Его разглагольствования были прерваны нежданным посетителем; это
оказался будущий коллега по Академии, и г-н Тибо, не желая задерживать его
слишком долго в гостиной, отпустил сыновей. Все же он сам проводил их до
дверей кабинета, и в то время, как одна его рука приподнимала портьеру,
другая легла на голову раскаявшемуся питомцу колонии. Жак почувствовал, как
отцовские пальцы гладят его волосы и похлопывают по затылку, и это
родительское прикосновение было для него так непривычно, что он не смог
сдержать волнение; обернувшись, он схватил пухлую, вялую руку, намереваясь
поднести ее к губам. Г-н Тибо удивился, недовольно приподнял веки и с
чувством неловкости отдернул руку.
- Ладно, ладно... - проворчал он, рывками высвобождая шею из
воротничка.
Повышенная чувствительность сына, на его взгляд, ничего хорошего не
предвещала.
Когда они зашли к Мадемуазель, она одевала Жизель, чтобы идти к
вечерне. Увидев в дверях вместо непоседливого чертенка, которого она
ожидала, длинного бледного подростка с покрасневшими глазами, Мадемуазель
сложила молитвенно руки, и лента, которую она хотела вплести в волосы
девочки, выскользнула у нее из пальцев.

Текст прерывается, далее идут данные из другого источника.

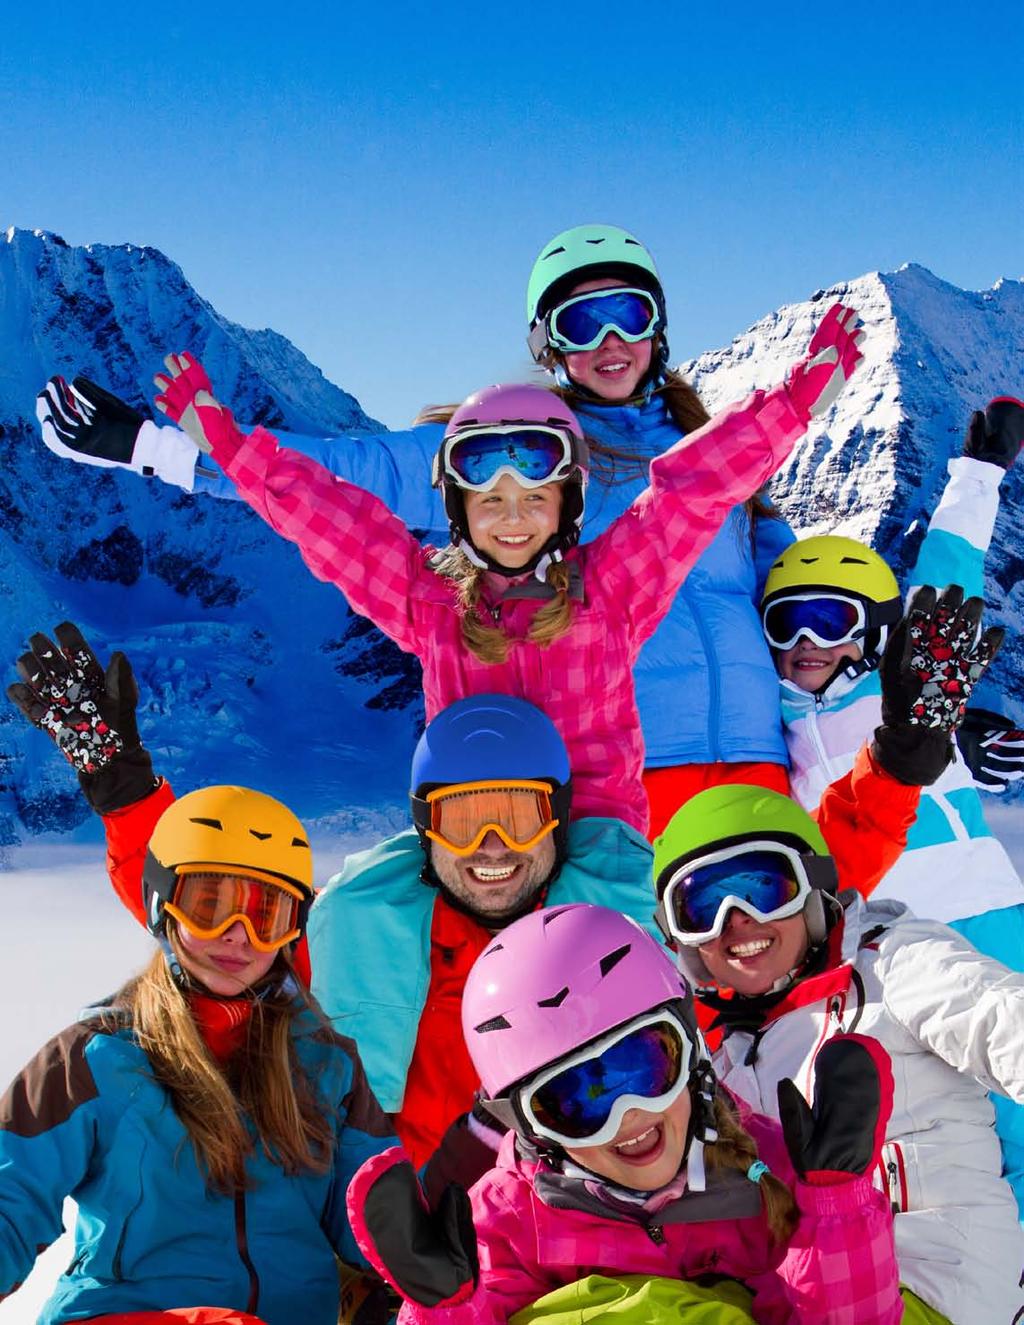 Our aim is to help you plan and enjoy your perfect ski holiday in the Swiss Alps.

Она была так потрясена, что не сразу
решилась его поцеловать.
- Боже мой! Так это ты? - вымолвила она наконец, кидаясь к нему.
Она прижимала его к своей пелеринке, потом отступала назад, чтобы
получше его разглядеть, и сверкающими глазами впивалась в него, так и не
находя в его лице дорогих ей некогда черт.
Жиз, еще больше обманутая в своих ожиданиях, уставилась смущенно в
ковер и кусала губы, чтобы не расхохотаться. Первая улыбка Жака пришлась на
ее долю.
- Ты меня не узнаешь? - сказал он, направляясь к ней. Лед был сломан.
Она бросилась ему на шею, потом взяла за руку и принялась скакать вокруг,
как козленок. Но в этот день она так и не решилась с ним заговорить и даже
не спросила, видел ли он ее цветы.
Вниз спустились все вместе. Жизель не выпускала руку своего Жако и
молча прижималась к нему с чувственностью молодого зверька. Они расстались
на нижней площадке. Но в подъезде она обернулась и обеими руками послала ему
сквозь стеклянную дверь крепкий воздушный поцелуй, которого он не увидел.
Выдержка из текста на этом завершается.